(What this task involves): No line before the one holding "Halloween Skeleton Gaming" is to be copied; that line and all after it, through the end of the listing, are returned exactly, minus pictures.

(Dataset excerpt):
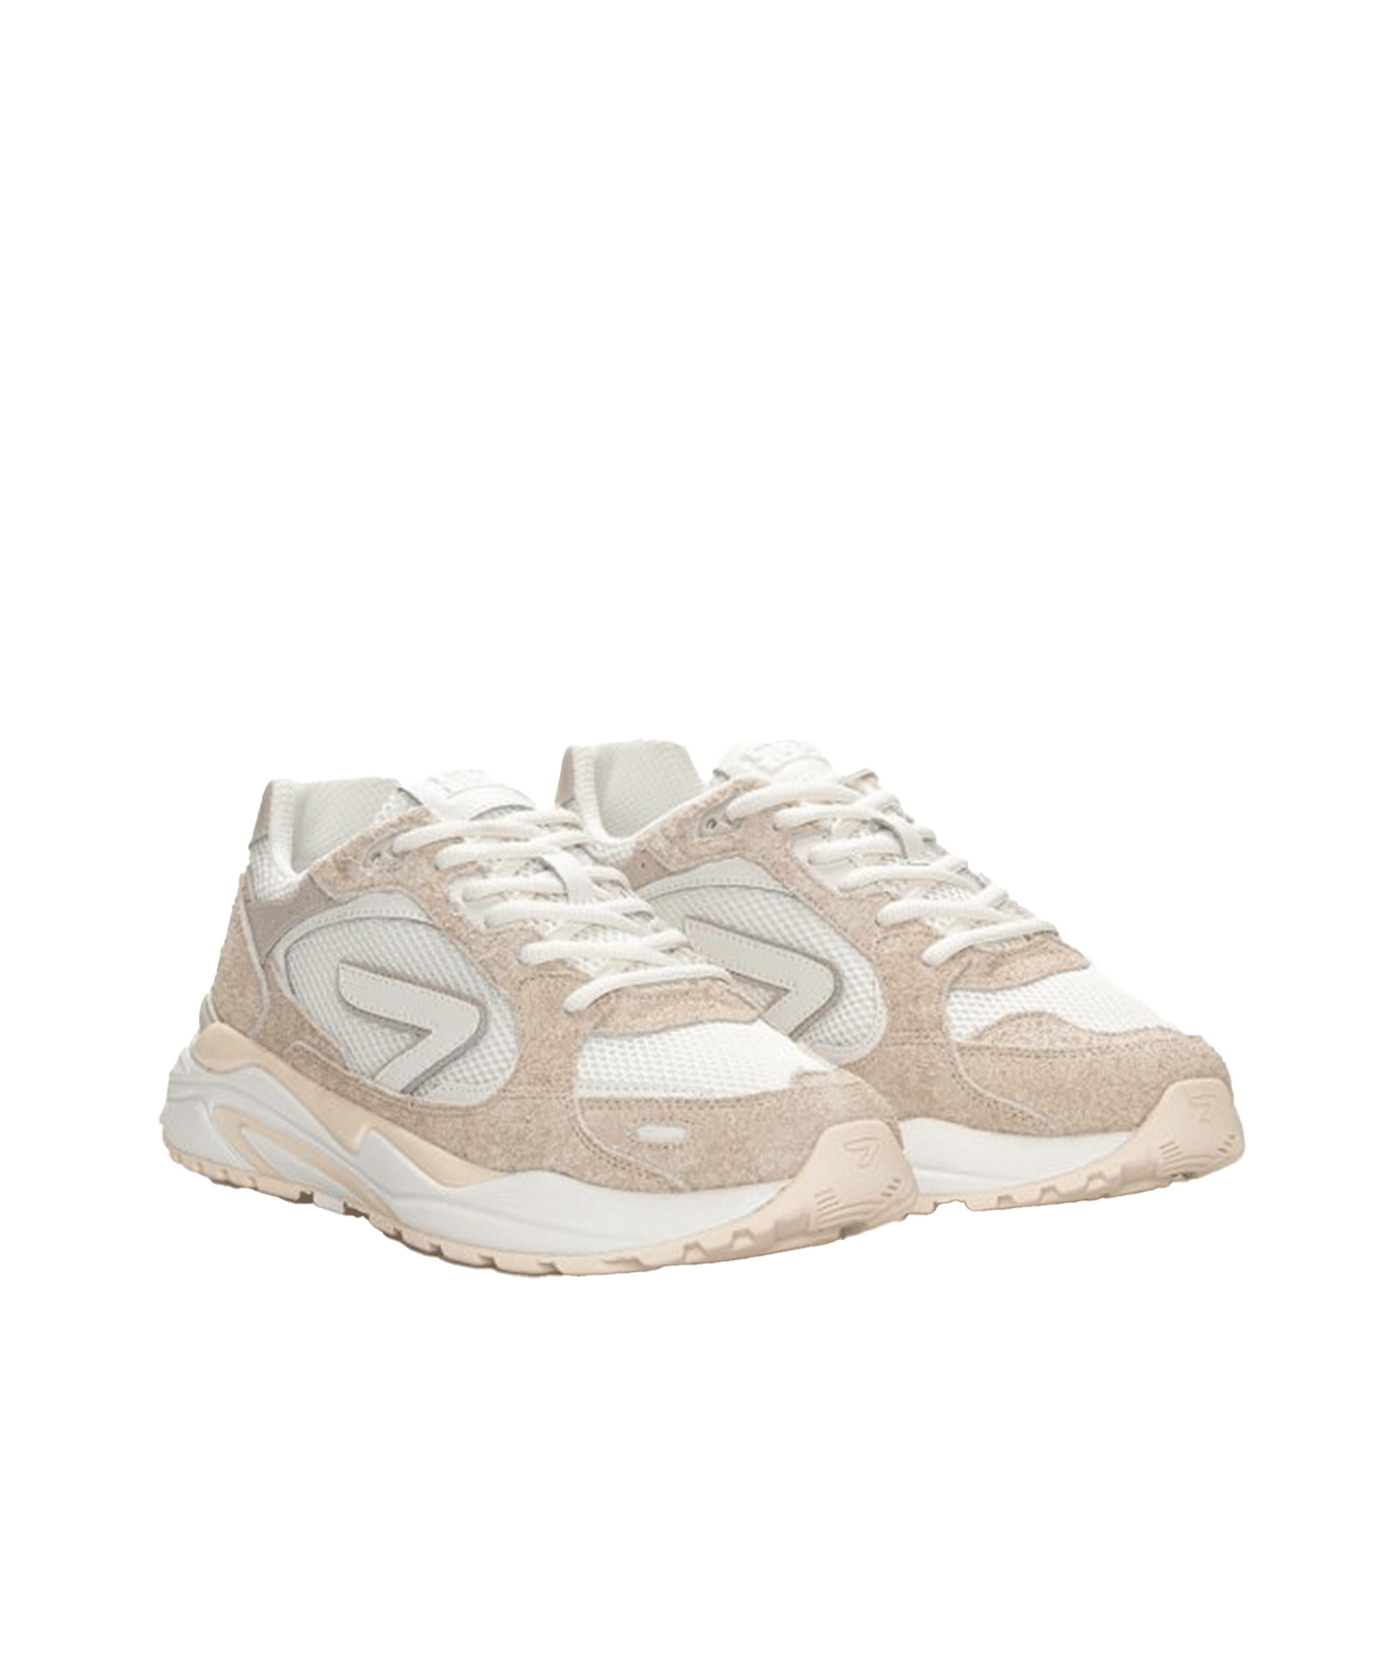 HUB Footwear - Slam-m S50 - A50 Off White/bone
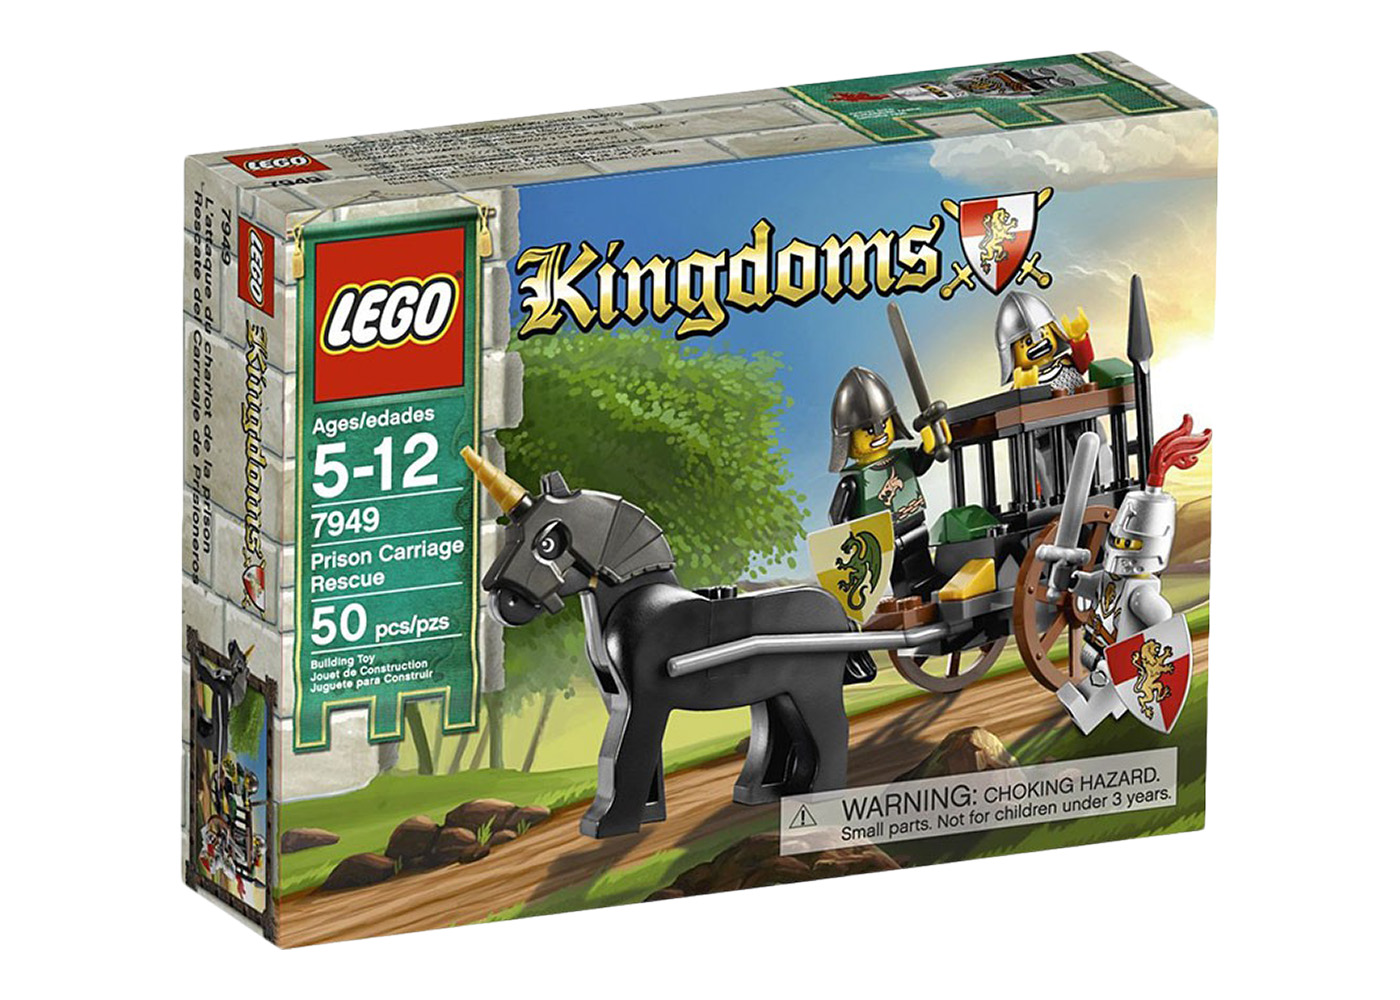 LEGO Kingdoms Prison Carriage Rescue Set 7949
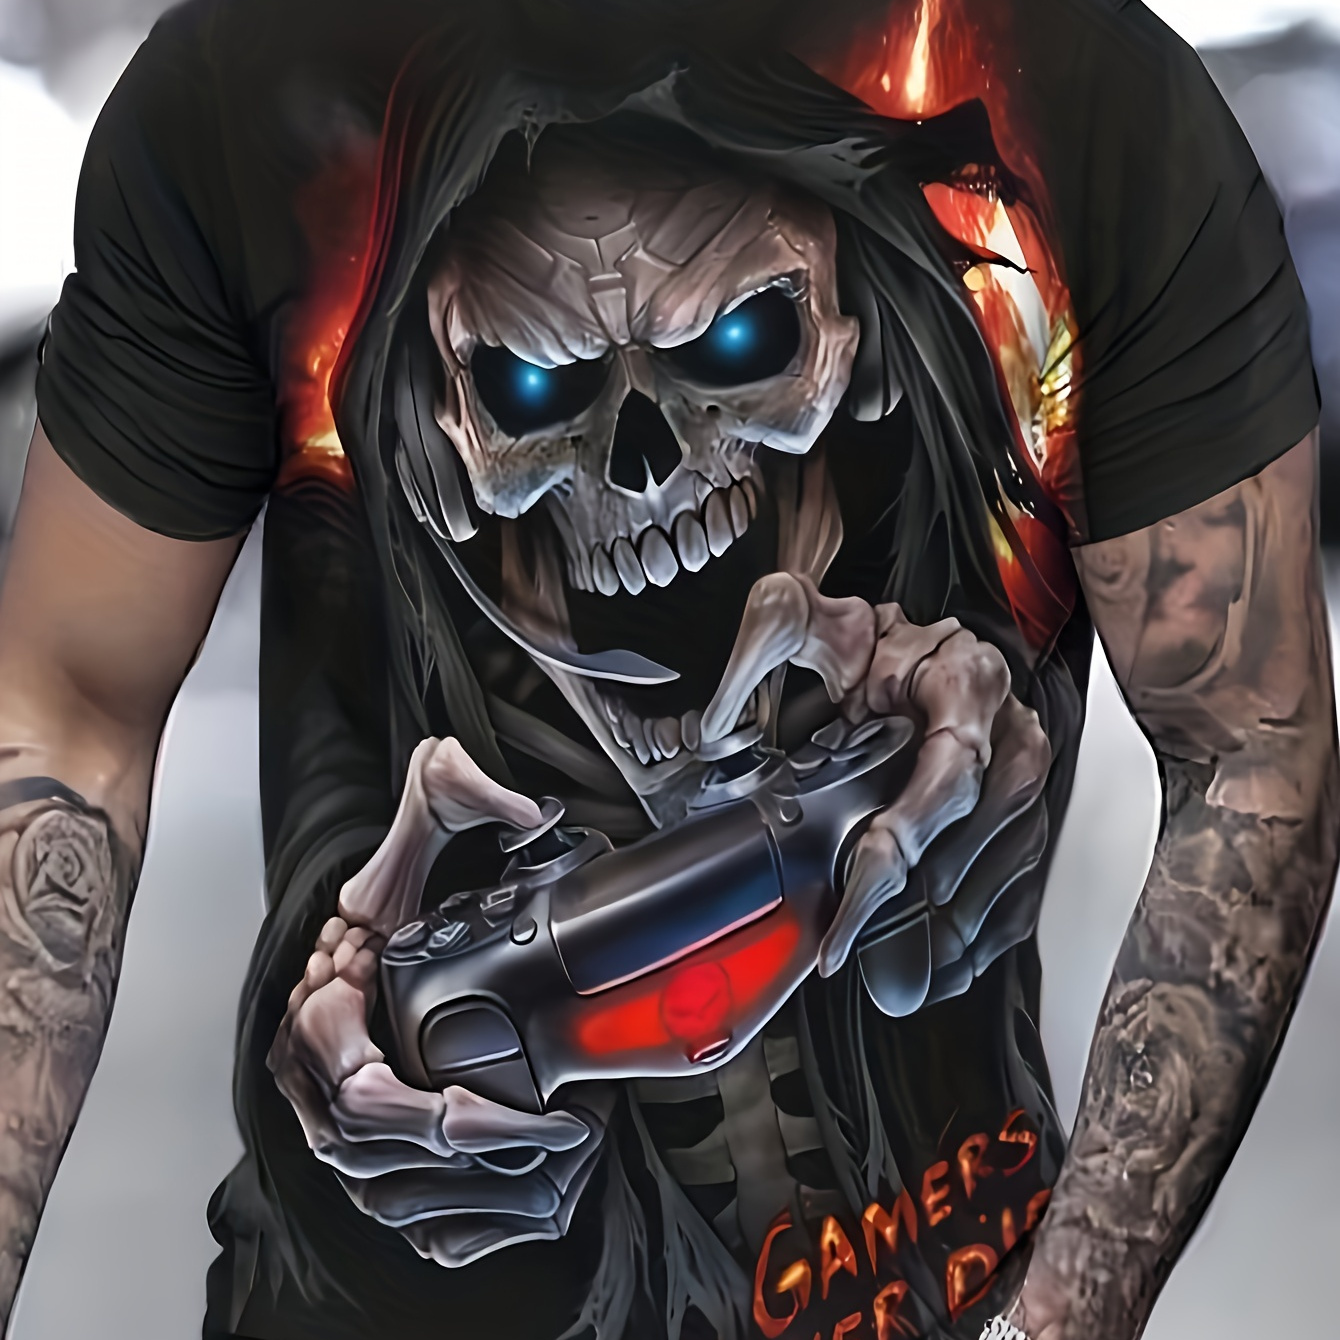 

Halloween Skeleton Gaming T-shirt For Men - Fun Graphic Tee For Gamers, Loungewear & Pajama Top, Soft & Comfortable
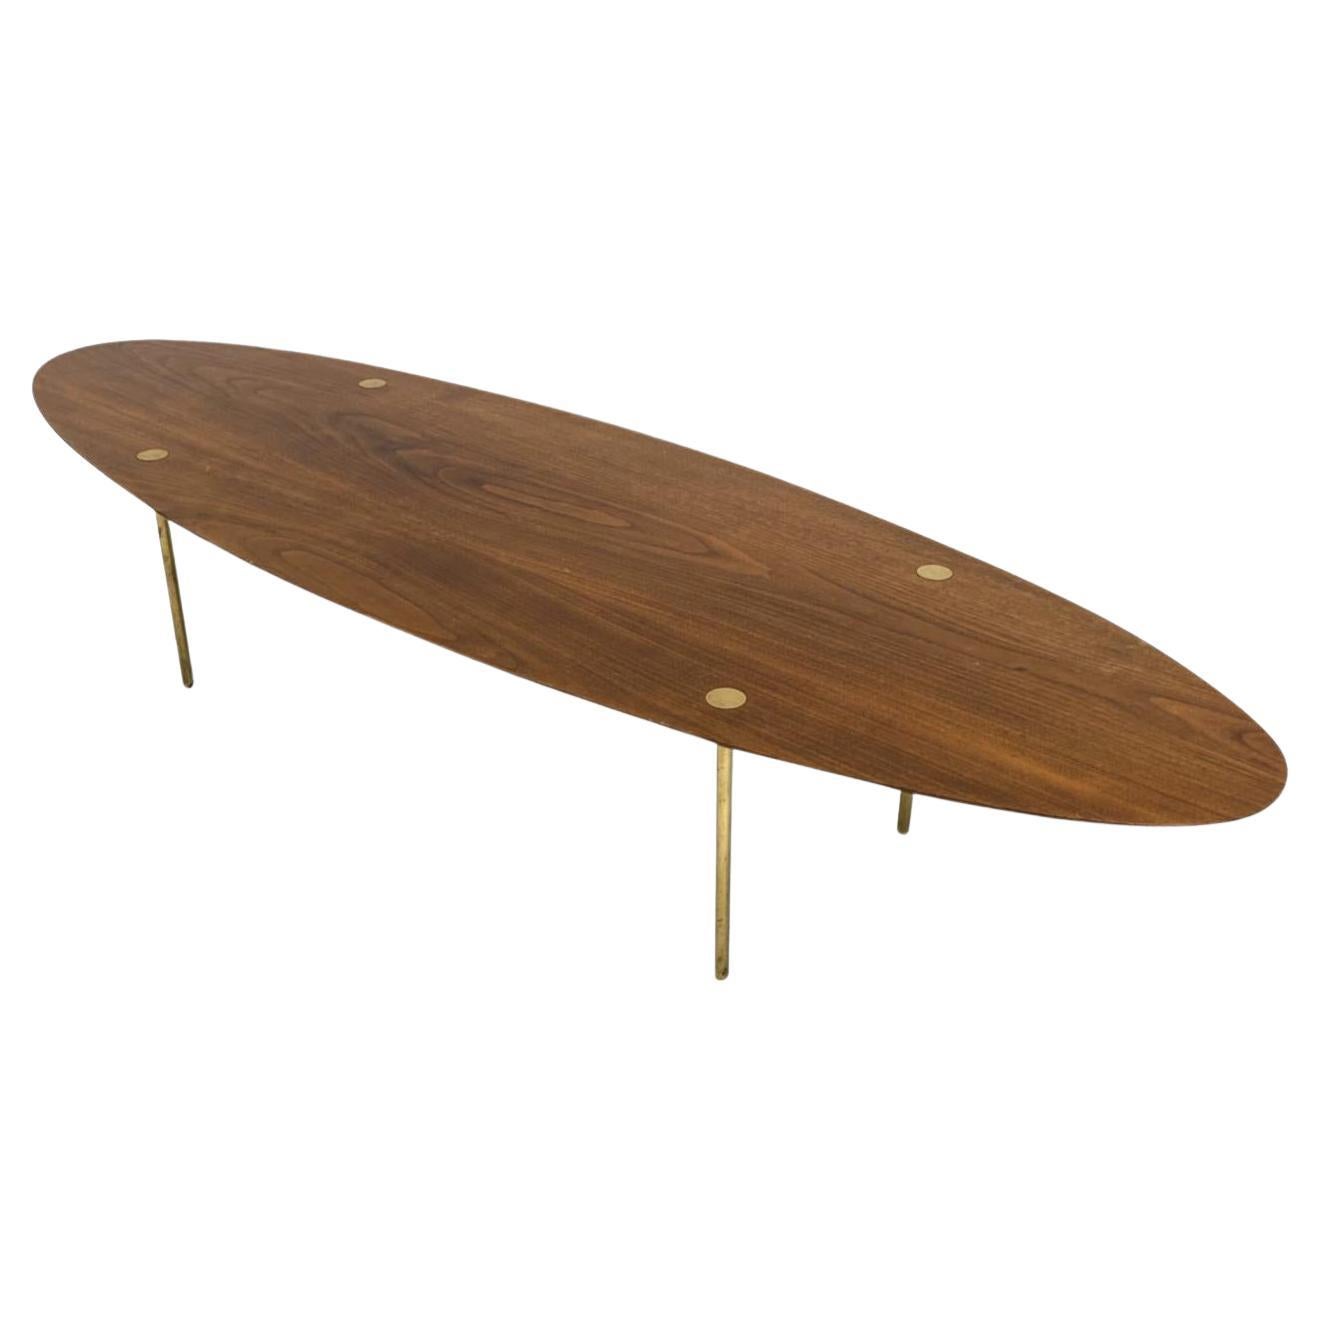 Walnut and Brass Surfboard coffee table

(Solution for this task):
Halloween Skeleton Gaming T-shirt For Men - Fun Graphic Tee For Gamers, Loungewear & Pajama Top, Soft & Comfortable
 Walnut and Brass Surfboard coffee table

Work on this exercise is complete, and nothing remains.